This is the world's first (oldest) webpage. It's at CERN, where Tim Berners-Lee created the WWW protocols and httpsd web server in 1990-91. That makes the below a 22-year-old website. Interesting.
I think it's cool they still have it up and available – I'm not sure to what extent it retains its original form, but based on appearances it matches closely with my recollection of what the internet (er… "world wide web") looked like in the very early years.
I'm pretty sure my first experience with WWW was at the University of Minnesota libraries, which were already running the locally developed gopher protocols (which was an early alternate version of www, basically) for their online library catalog in 1993, and they were experimenting with https in the same vein. I distinctly recall seeing "websites" that looked exactly like the above – all white with black text and blue links, zero or quite minimal graphics.
I wrote and published my first website in 1995, in raw html using a text editor, as a first-year graduate student at University of Pennsylvania – I used the now defunct geocities hosting site.
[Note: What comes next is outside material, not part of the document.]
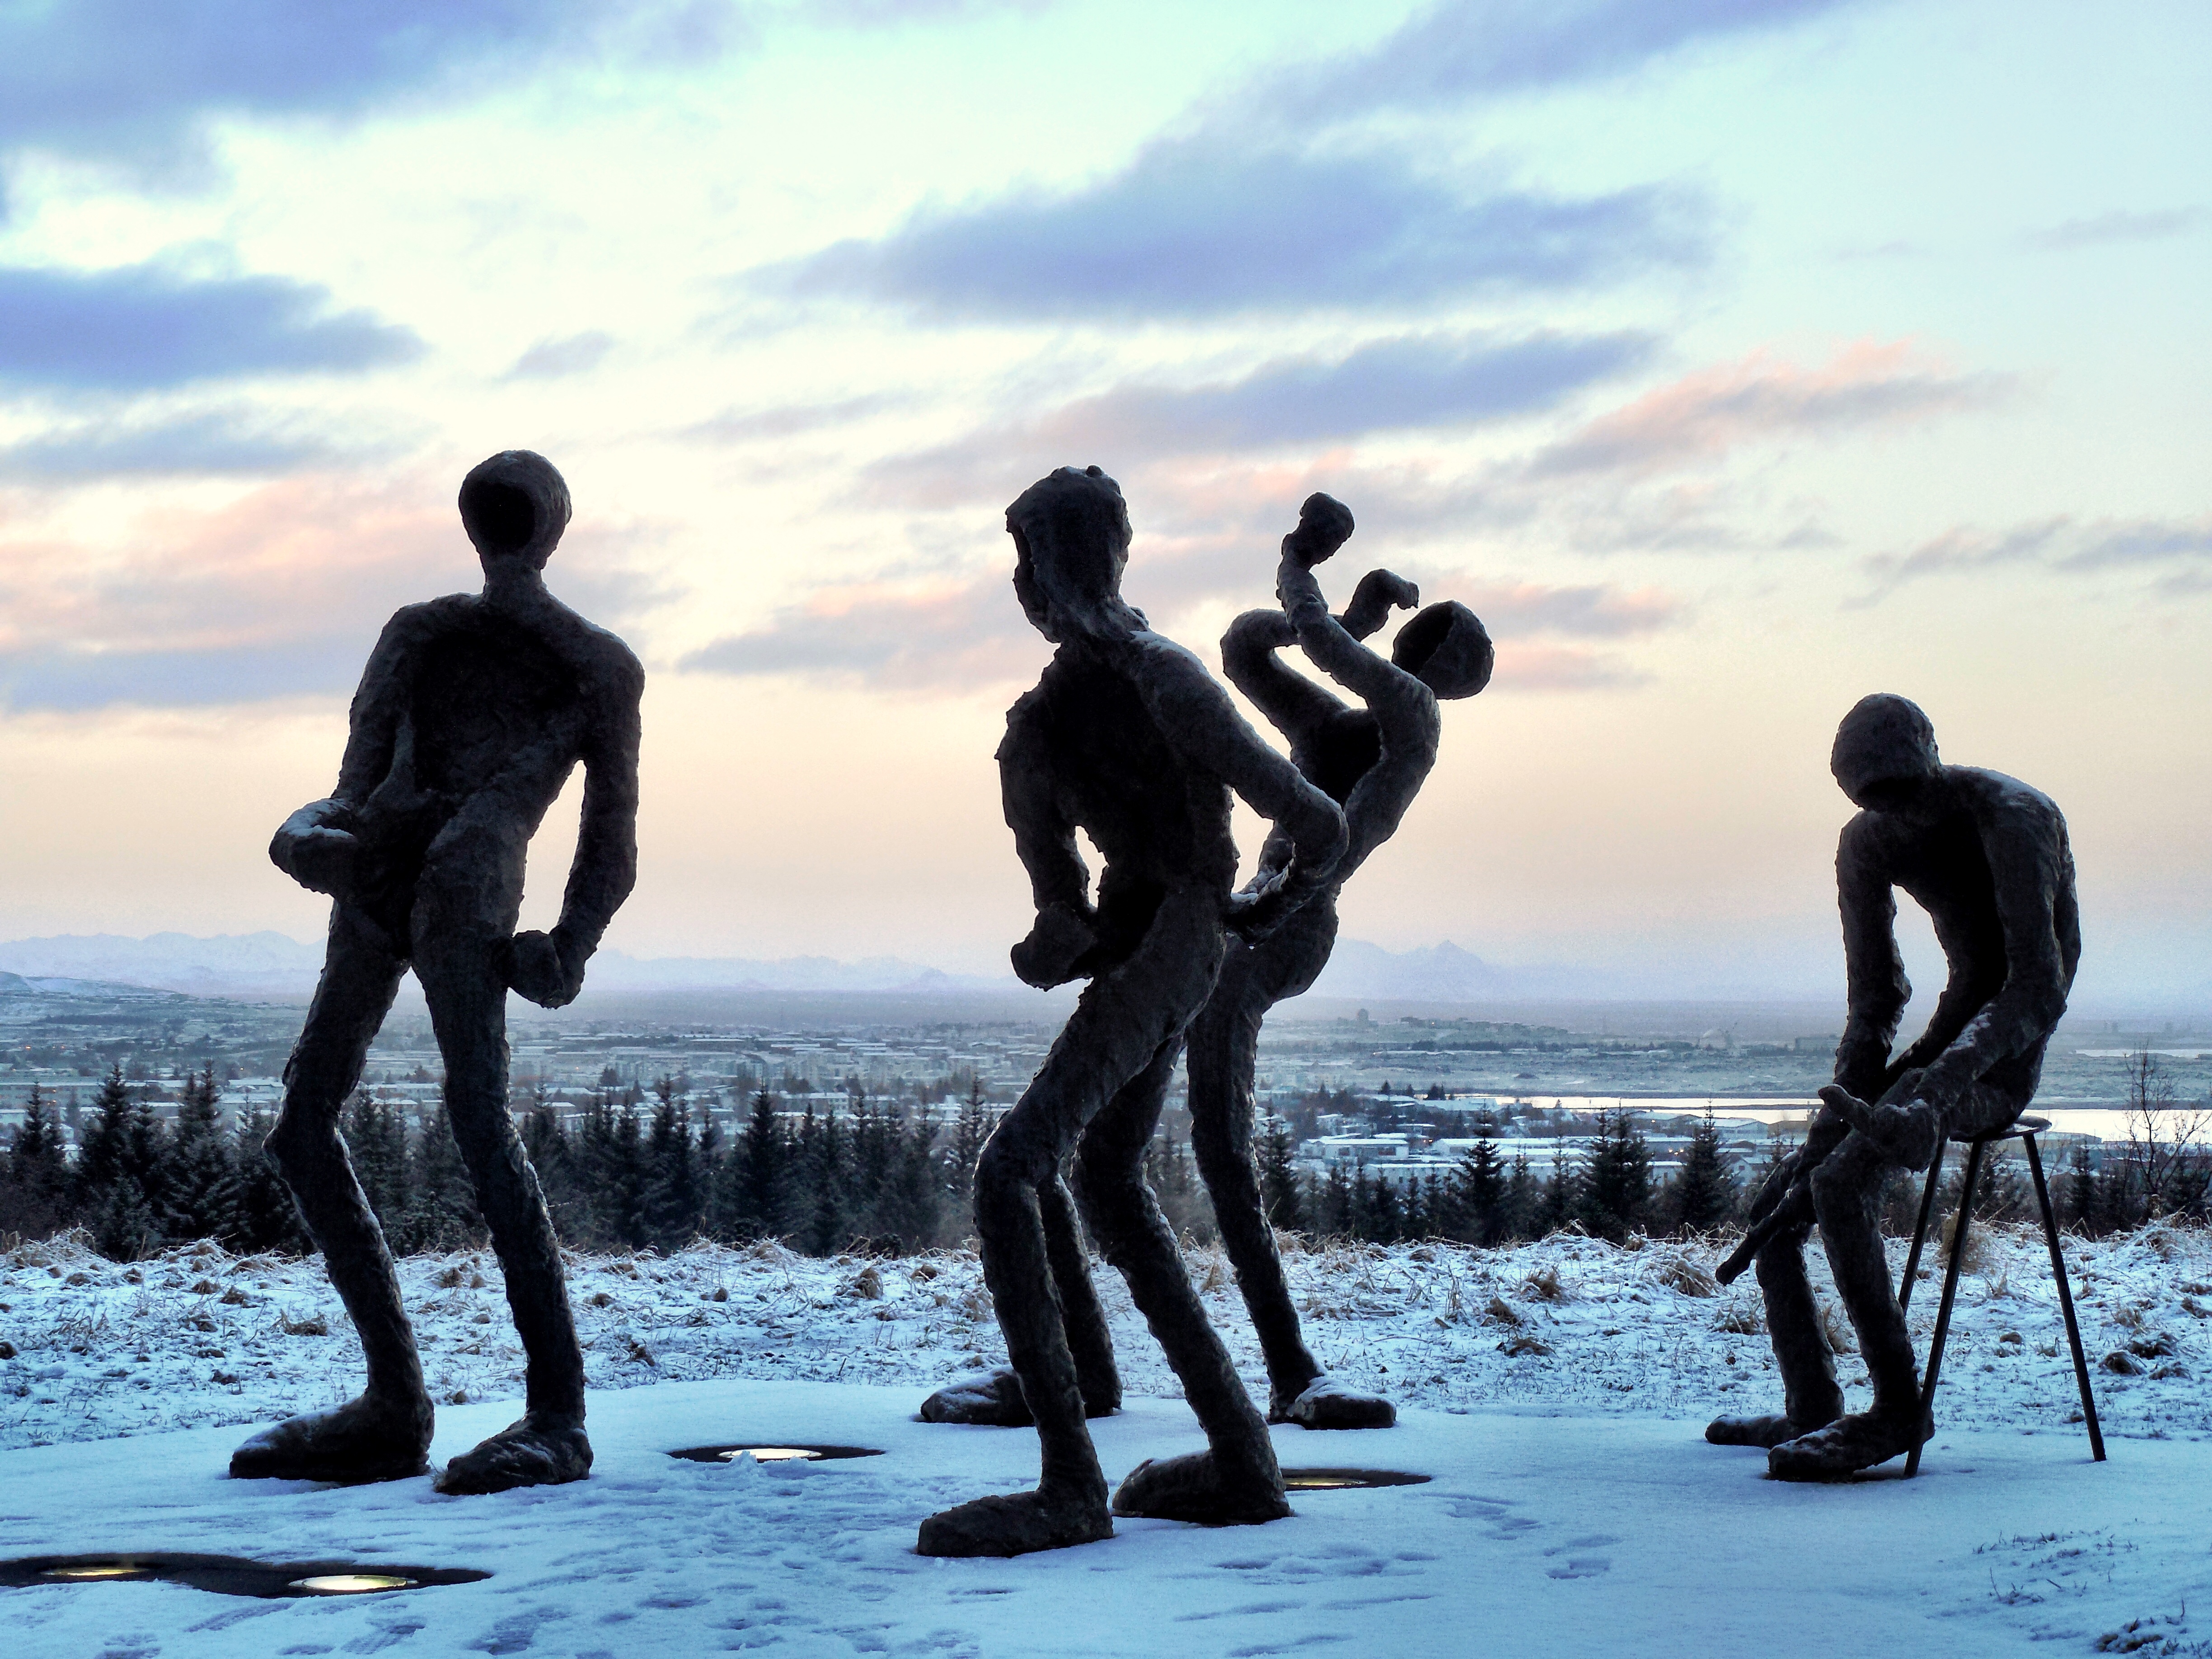 The Dance sculpture in Reykjavik, Iceland

I was publishing syllabi and supplementary materials for my Spanish classes that I taught there at that time. I called it "macondonet" after García Márquez's fictional town, Macondo.
I wish I still had the code for those early pages – it would be fun to keep them live somewhere as a sort of nostalgia trip. I was lucky in that I was attending early-adopting institutions at the time the internet was first emerging, and thus I got to be an early adopter, too. I think it's ironic that all these years later, as a teacher, I'm "lower tech" than I was at that time.